GUARANTY
EXECUTION COPY
THIS GUARANTY (this “Guaranty”) is made and entered into as of March 16, 2007, by IHOP CORP., a Delaware corporation (the “Guarantor”) in favor of IHOP HOLDINGS, LLC, a Delaware limited liability company (the “Beneficiary”). This Guaranty constitutes the entire and full agreement of the parties with respect to the subject matter hereof. Capitalized terms used but not defined herein are defined in (or incorporated by reference into) the Parent Asset Sale Agreement (as defined below), including the Standard Terms of Asset Sale Agreements attached as Annex A thereto (the “Standard Terms”) (and including Appendix A, Appendix B or Appendix C to such Standard Terms).
PRELIMINARY STATEMENT
International House of Pancakes, Inc., as seller (the “Seller”), and IHOP Holdings, LLC, as purchaser, have entered into the Asset Sale Agreement, dated as of March 16, 2007 (as may be amended, restated, supplemented or otherwise modified from time to time, the “Parent Asset Sale Agreement”).
NOW, THEREFORE, in consideration of the foregoing preliminary statement, and for other good and valuable consideration, the receipt and sufficiency of which are hereby acknowledged by the parties hereto, it is hereby agreed as follows:
ARTICLE I
GUARANTY
Section 1.1 Guarantee by IHOP Corp. The Guarantor hereby unconditionally and irrevocably guarantees the obligations of Seller under the Parent Asset Sale Agreement. This Guarantee shall be a continuing and irrevocable guarantee of payment of all amounts due by the Seller under the Parent Asset Sale Agreement, and the Guarantor shall remain liable on its obligations hereunder until the payment in full of any amounts due thereunder. The Guarantor hereby represents that it has all requisite corporate power and authority to undertake its obligations set forth in this Section 1.1 and to guarantee the full and prompt payment of any amounts due by the Seller under the Parent Asset Sale Agreement.
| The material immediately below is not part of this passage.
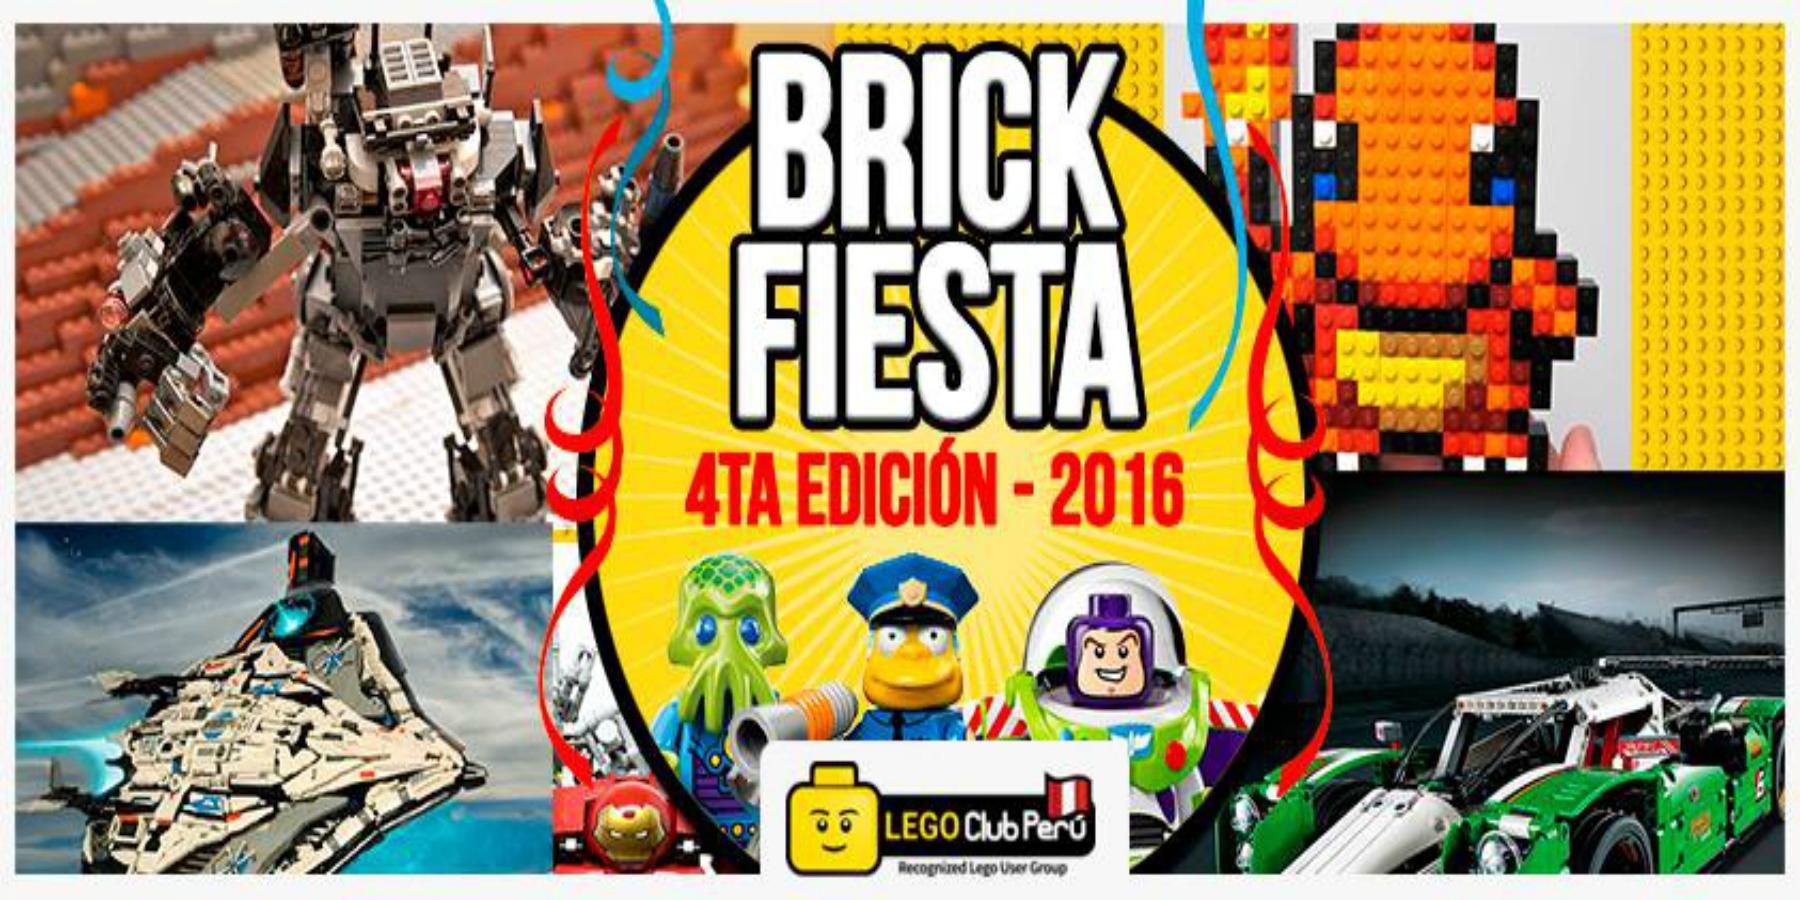 BrickFiesta 4ta edición - 2016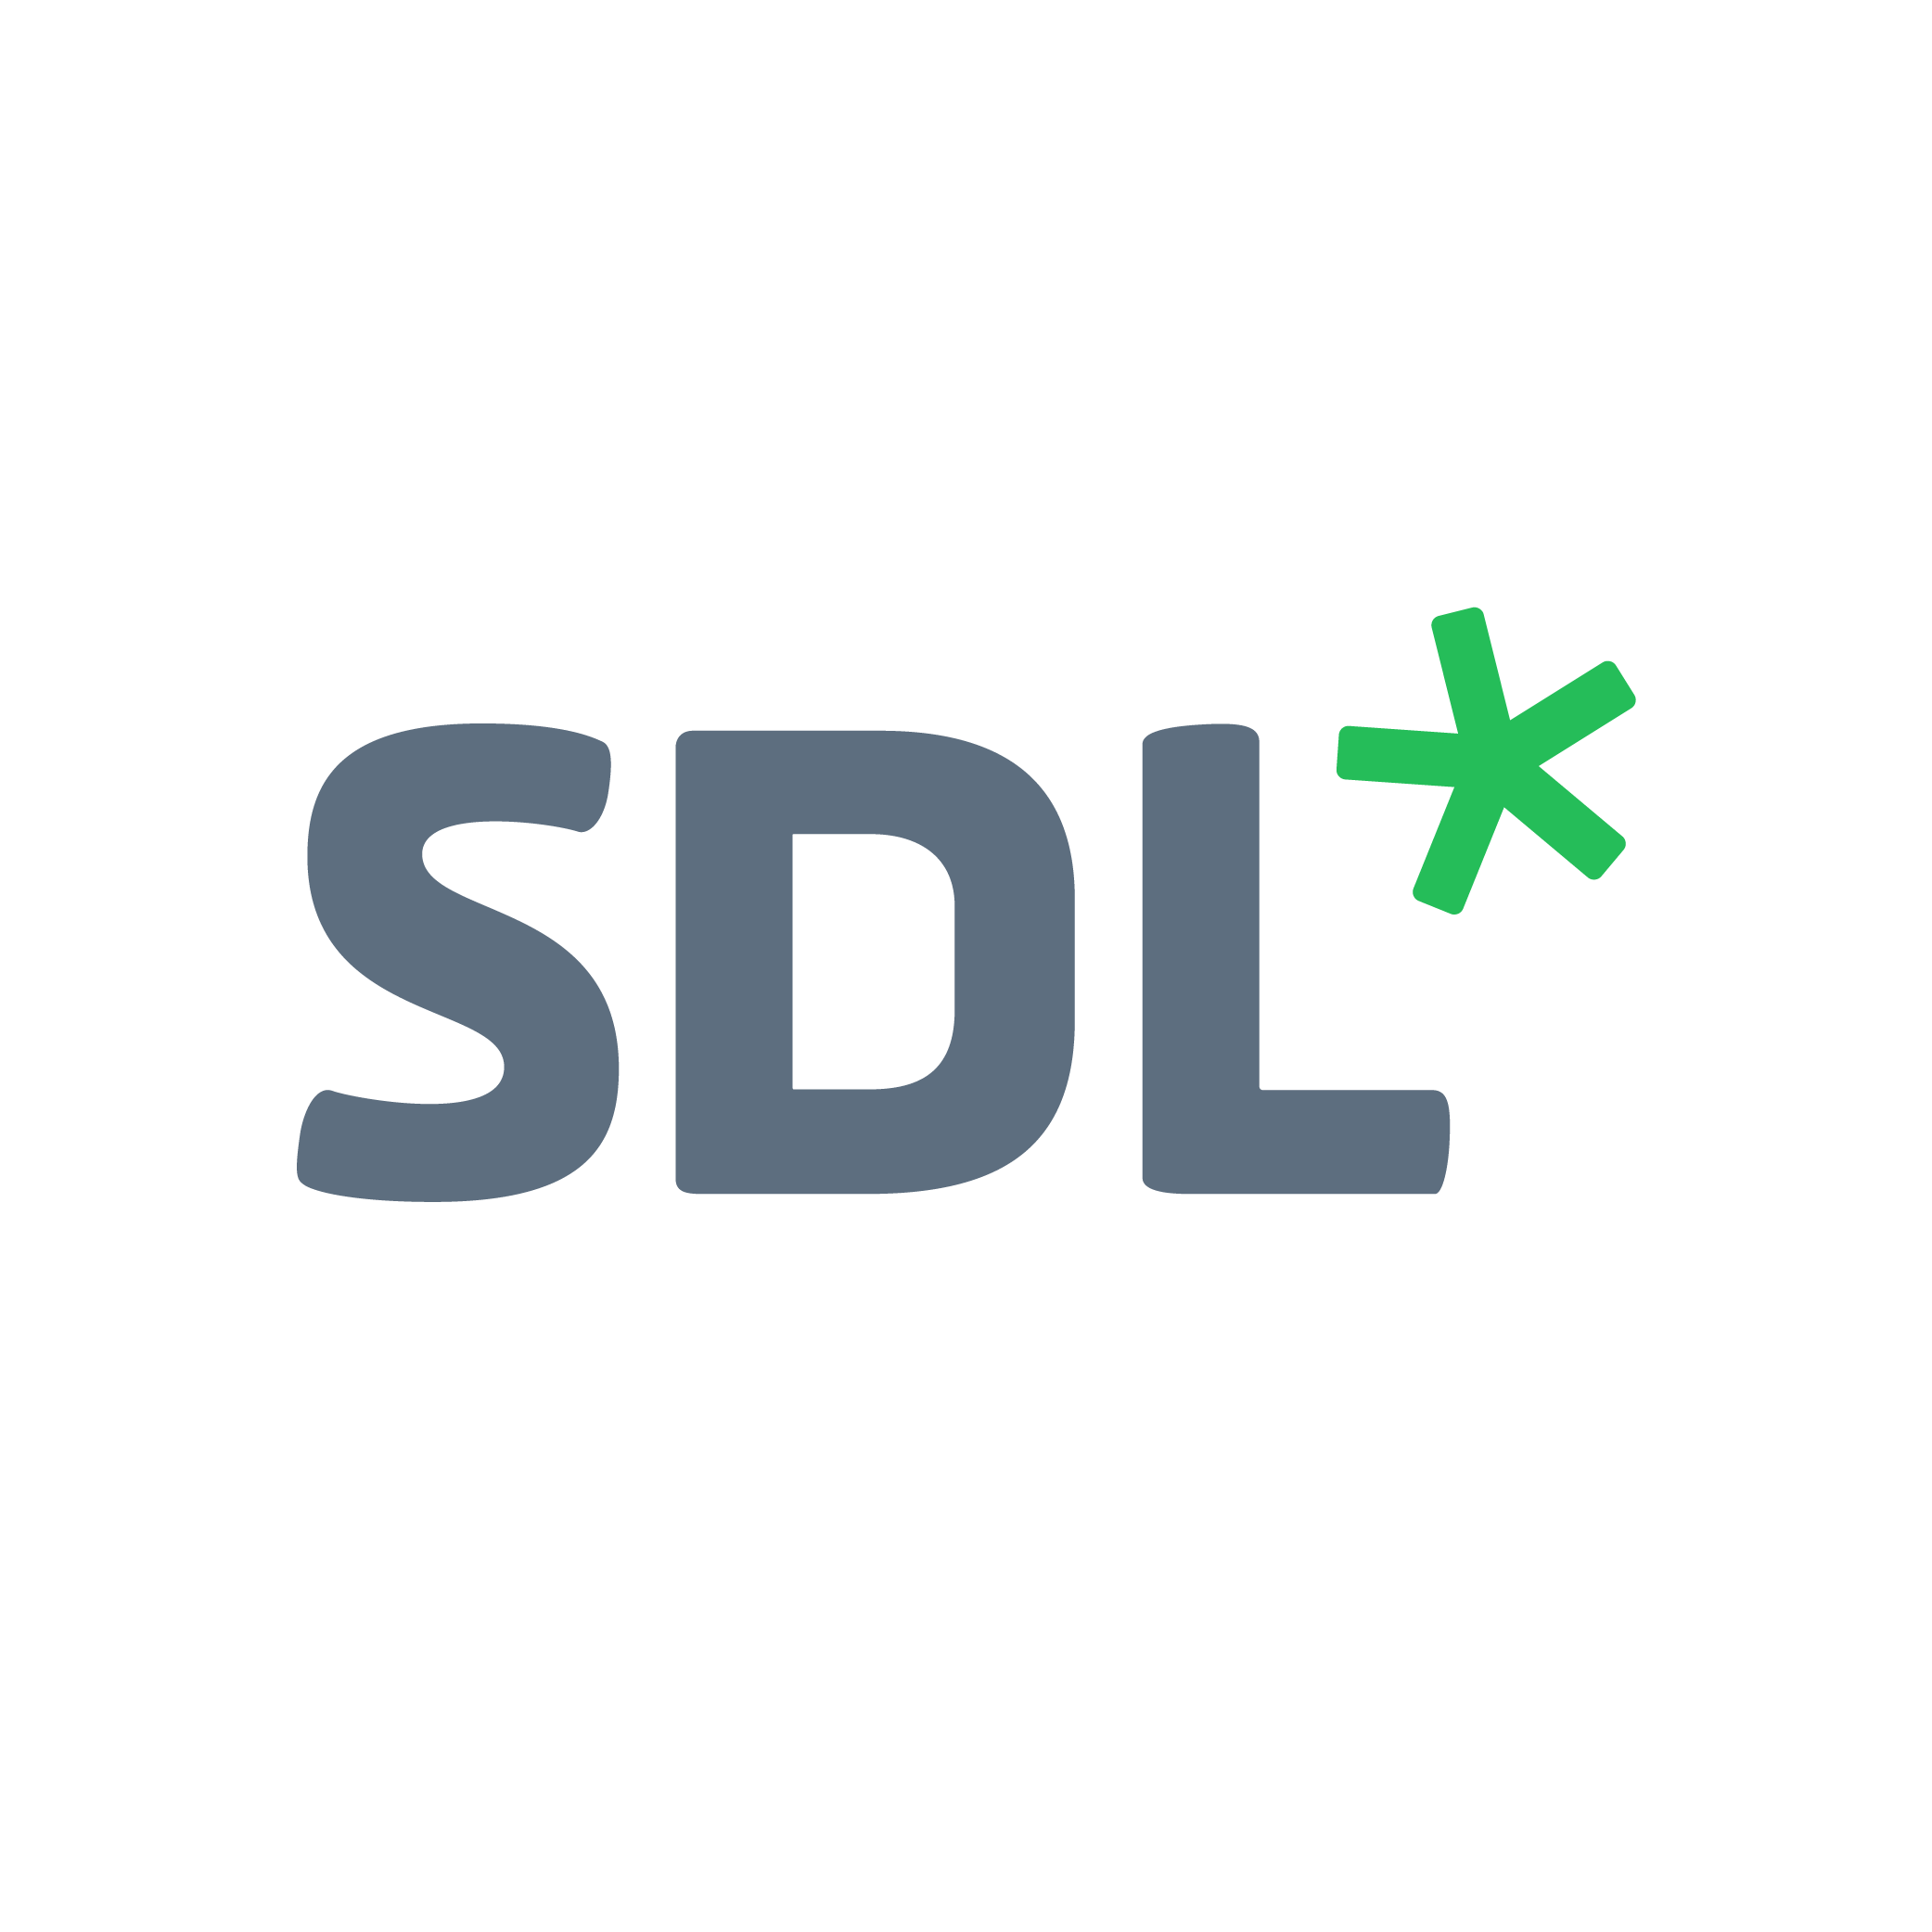 sdl-finland-kaantaja-turku-sdsuu-3384233 logo

Section 1.2 Liability of Guarantor Absolute. The Guarantor agrees that its obligations under this Guaranty are irrevocable, absolute, independent and unconditional and shall not be affected by any circumstance that constitutes a legal or equitable discharge of a guarantor or surety. In furtherance of the foregoing and without limiting the generality thereof, the Guarantor agrees as follows: (a) the obligations of the Guarantor hereunder are independent of the obligations of the Seller under the Parent Asset Sale Agreement or under the other Transaction Documents; (b) the obligations of the Guarantor hereunder shall be valid and enforceable and shall not be subject to any reduction, limitation, impairment, discharge or termination for any reason, including without limitation, the occurrence of any of the following, whether or not the Guarantor shall have had notice or knowledge of any of them: (i) any failure or omission to assert or enforce or agreement or election not to assert or enforce, or the stay or enjoining, by order of court, by operation of law or otherwise, of the exercise or enforcement of, any claim or demand or any right, power or remedy (whether arising at law, in equity or otherwise) with respect to any failure of the Seller under the Parent Asset Sale Agreement or under any of the other Transaction Documents; (ii) any rescission, waiver, amendment or modification of, or any consent to departure from any of the terms or provisions (including, without limitation, provisions relating to events of default) of the Servicing Agreement, any of the other Transaction Documents or any of the Serviced Documents, the Franchise Documents or the Franchise Arrangements; (iii) the Seller’s consent to the
addition, change, reorganization or termination of any of the Securitization Entities or to any amendment to the documents governing the formation or organization and operation of the Securitization Entities; (iv) any other act or thing or omission, or delay to do any other act or thing, which may or might in any manner or to any extent vary the risk of the Guarantor as an obligor in respect of the Seller’s obligations under the Parent Asset Sale Agreement.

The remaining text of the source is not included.